Unfortunately, over time, the consumer welfare standard eroded this principle. As the consumer welfare standard grew in popularity among academics, it also spread to the courts. Instead of looking to legislative history and the plain language of the statute, judges essentially made themselves policy makers. The courts ignored their own precedent and grafted an “injury to competition” requirement onto the RPA. At the same time, the FTC and DOJ stopped enforcing it, and the burdens on private plaintiffs grew steeper, creating a nearly impossible uphill battle for victims of RPA violations. Defendants have robust affirmative defenses, and plaintiffs have no claims for discriminatory pricing in the service sector.
The Supreme Court’s 1993decision in Brooke Group basically folded the RPA into the Sherman Act’s prohibitions on predatory pricing, holding that a plaintiff needed to prove that the defendant was pricing below cost and that they had a reasonable prospect of recouping those losses.

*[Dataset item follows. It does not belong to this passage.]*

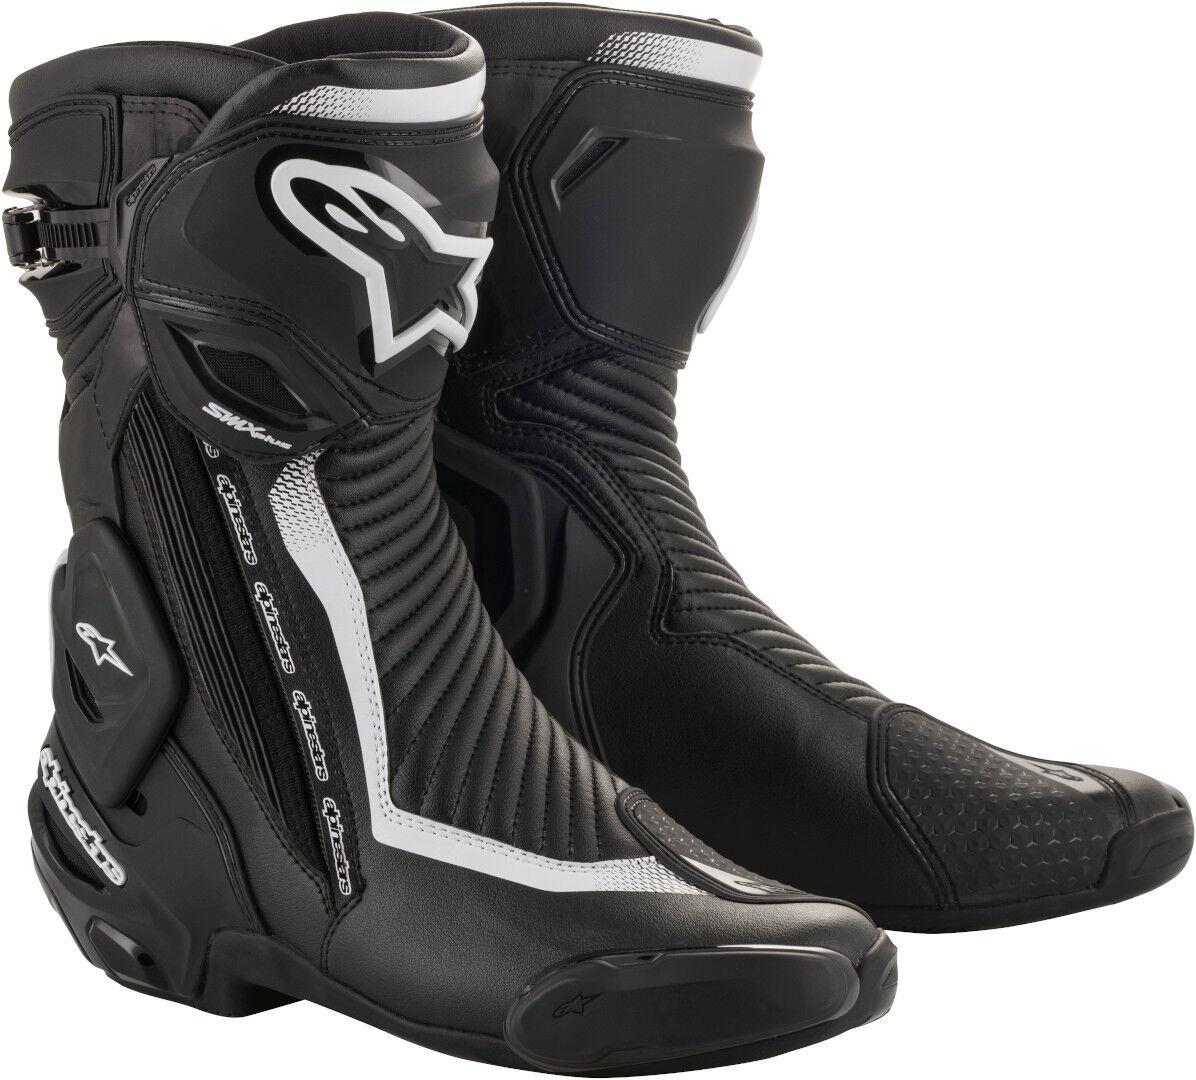 Alpinestars Stella SMX Plus V2 Ladies Motorcycle Boots Black White 39

Hostility toward the RPA reached what may have been its peak in 2006 when the DOJ and FTC filed an amicus brief in support of the defendant in an RPA case before the Supreme Court, Volvo Trucks North America, Inc. v. Reeder-Simco GMC, Inc. The result was a majority opinion, authored by Justice Ruth Bader Ginsburg, ruling that a truck dealer plaintiff had to show not just that it was competitively disadvantaged but also that it lost the business of specific customers because of illegal price discrimination that was undisputed. Because RPA cases have become so rare, the consequences of this decision are mixed. But two statistics make clear the difficulty RPA litigants face. Prior to the Brooke Group decision, private plaintiffs bringing RPA actions succeeded 35% of the time. After Volvo Truck, that number dropped to less than 5%.
And what has this real-world experiment in allowing price discrimination wrought? Contrary to the prognostications of consumer welfare adherents, prices for consumers have not dropped, and small businesses, consumers, competition at every level are suffering. The power buyers of today—like Walmart, Amazon, national grocers, and PBMs—pose the same threats as Standard Oil and A&P 100 years ago. The Internet expands their reach and makes them even more powerful. The RPA can and should be used against them, allowing ordinary Americans, as well as businesses large and small, to procure goods and services on equal terms. They will revitalize the Main Streets of America, their brick-and-mortar stores, small suppliers, and the local communities that they employ and serve.